* [Assigned task]: Set down the data below without change, skipping the pictures it holds.

* [Dataset excerpt]:
........

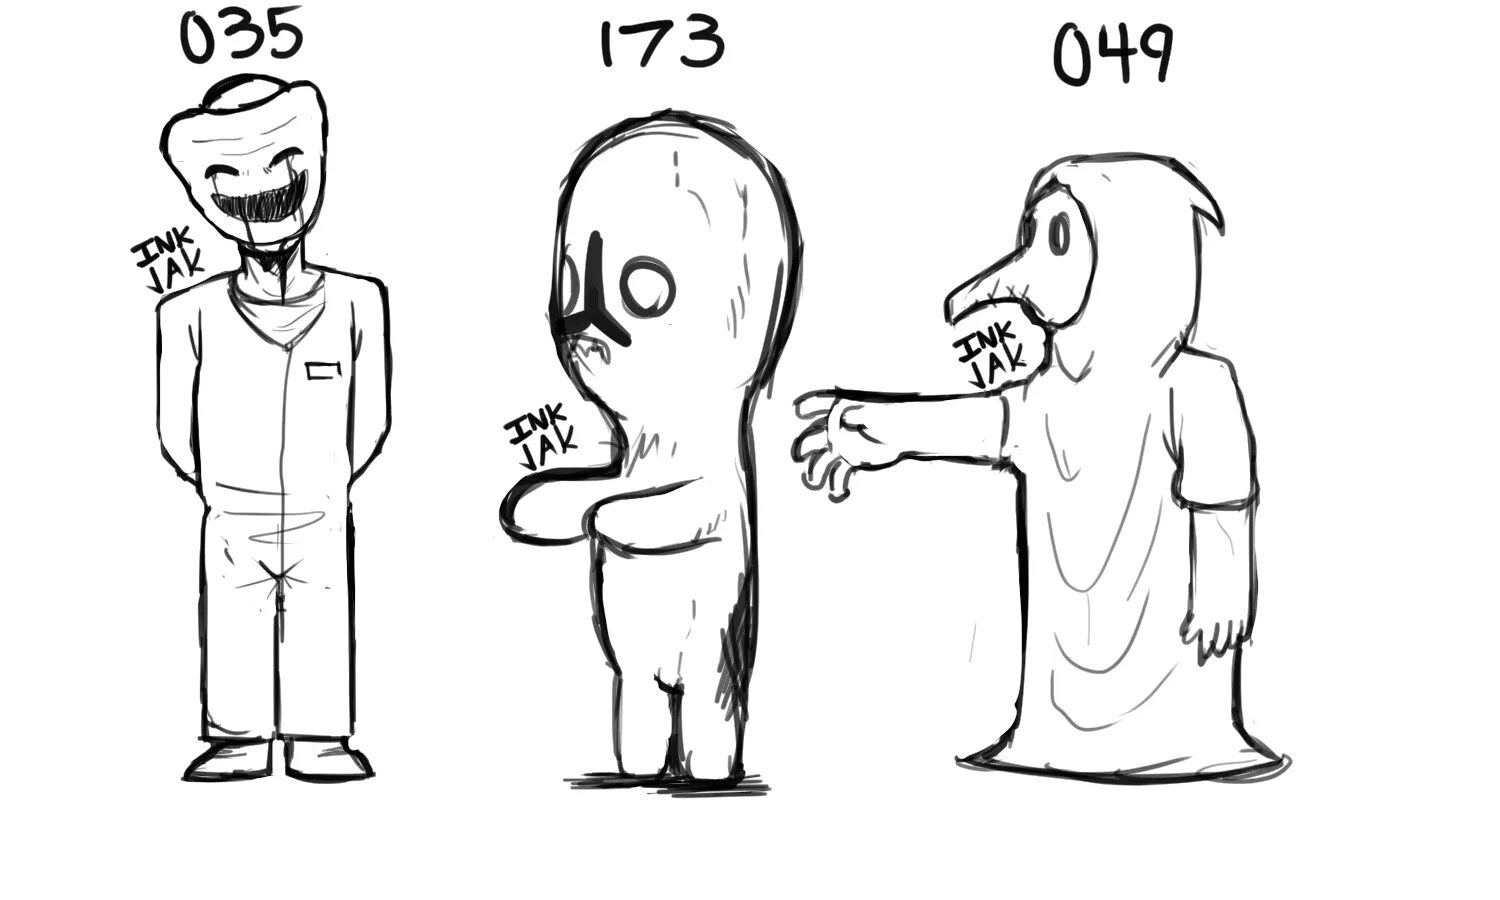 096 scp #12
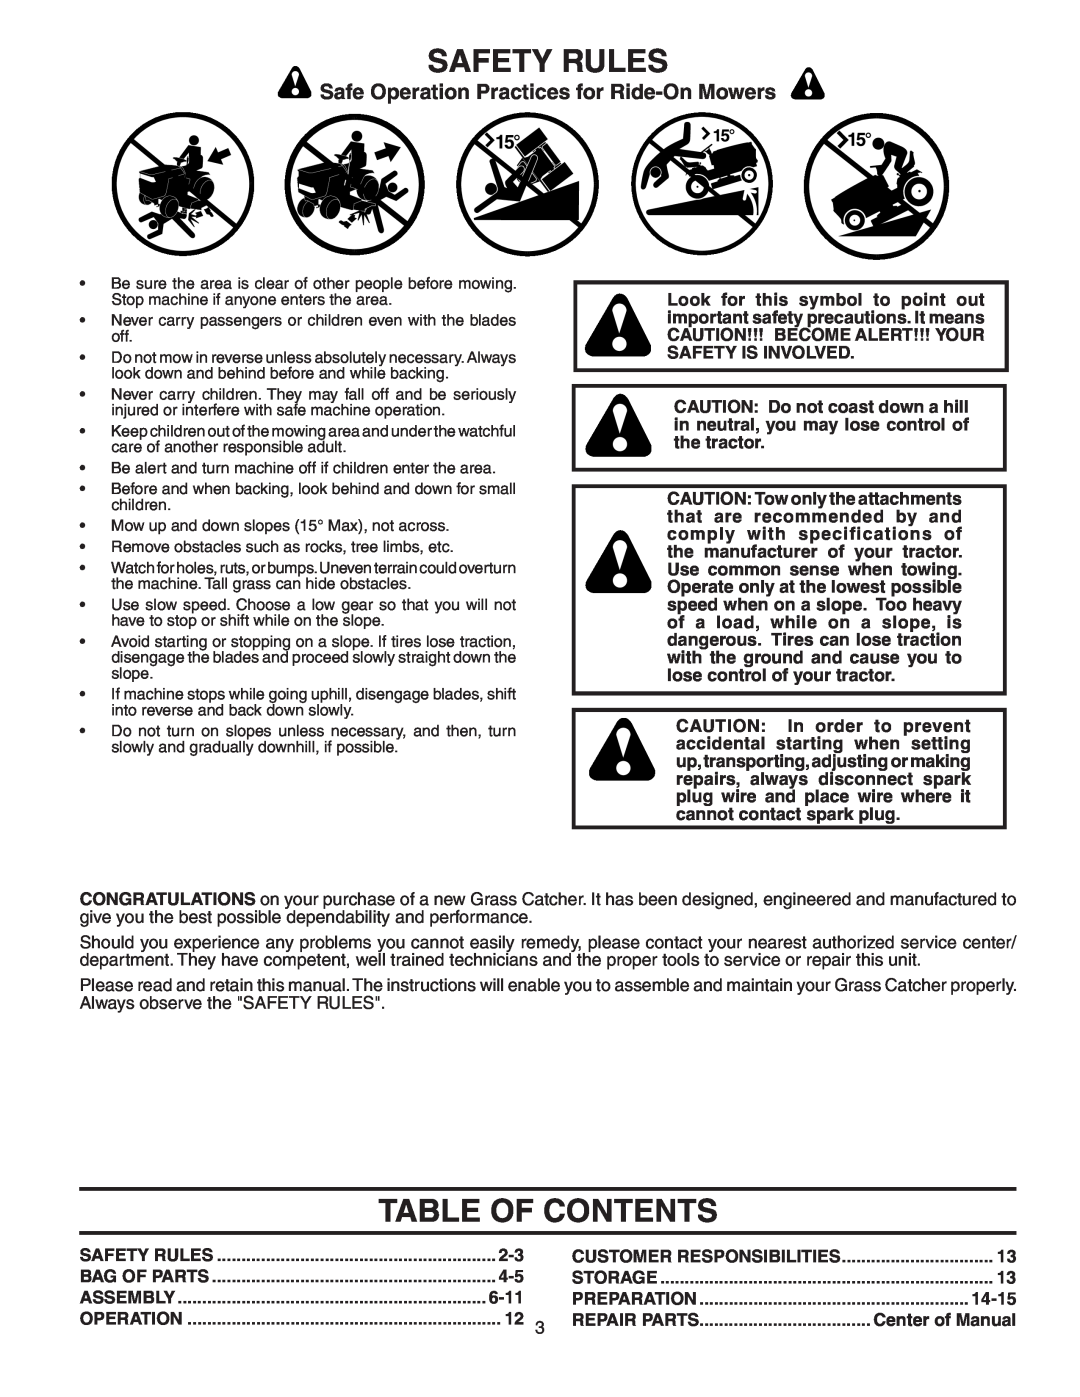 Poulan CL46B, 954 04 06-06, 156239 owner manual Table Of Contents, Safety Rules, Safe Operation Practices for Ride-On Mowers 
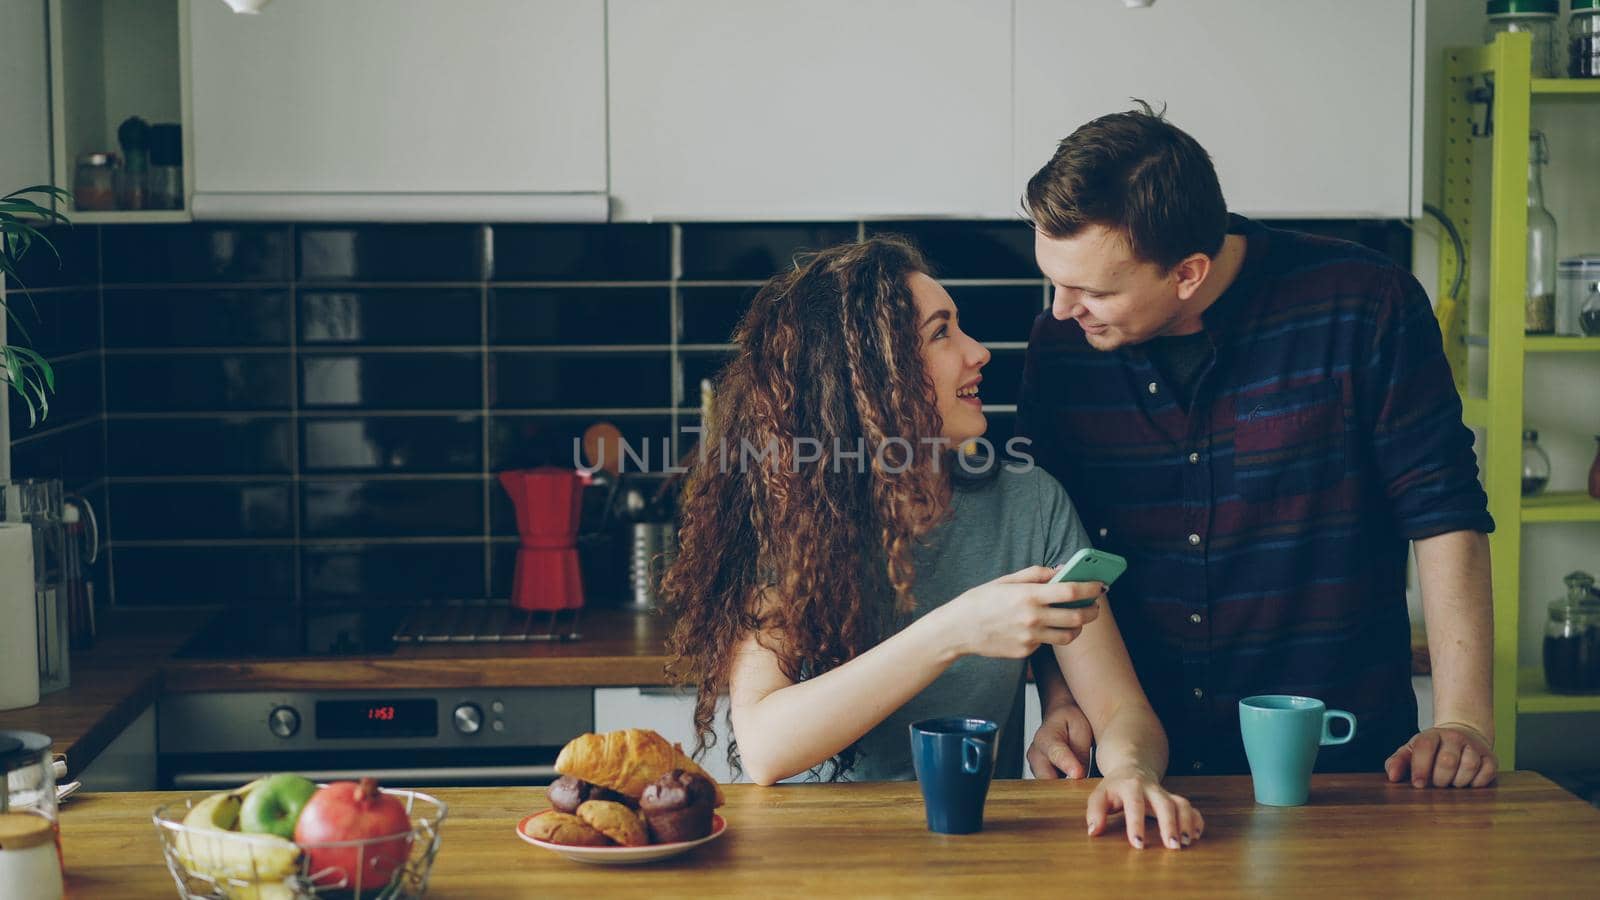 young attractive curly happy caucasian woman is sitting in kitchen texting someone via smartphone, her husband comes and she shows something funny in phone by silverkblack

........

* [Answer for the task]:
 096 scp #12
 Poulan CL46B, 954 04 06-06, 156239 owner manual Table Of Contents, Safety Rules, Safe Operation Practices for Ride-On Mowers 
 young attractive curly happy caucasian woman is sitting in kitchen texting someone via smartphone, her husband comes and she shows something funny in phone by silverkblack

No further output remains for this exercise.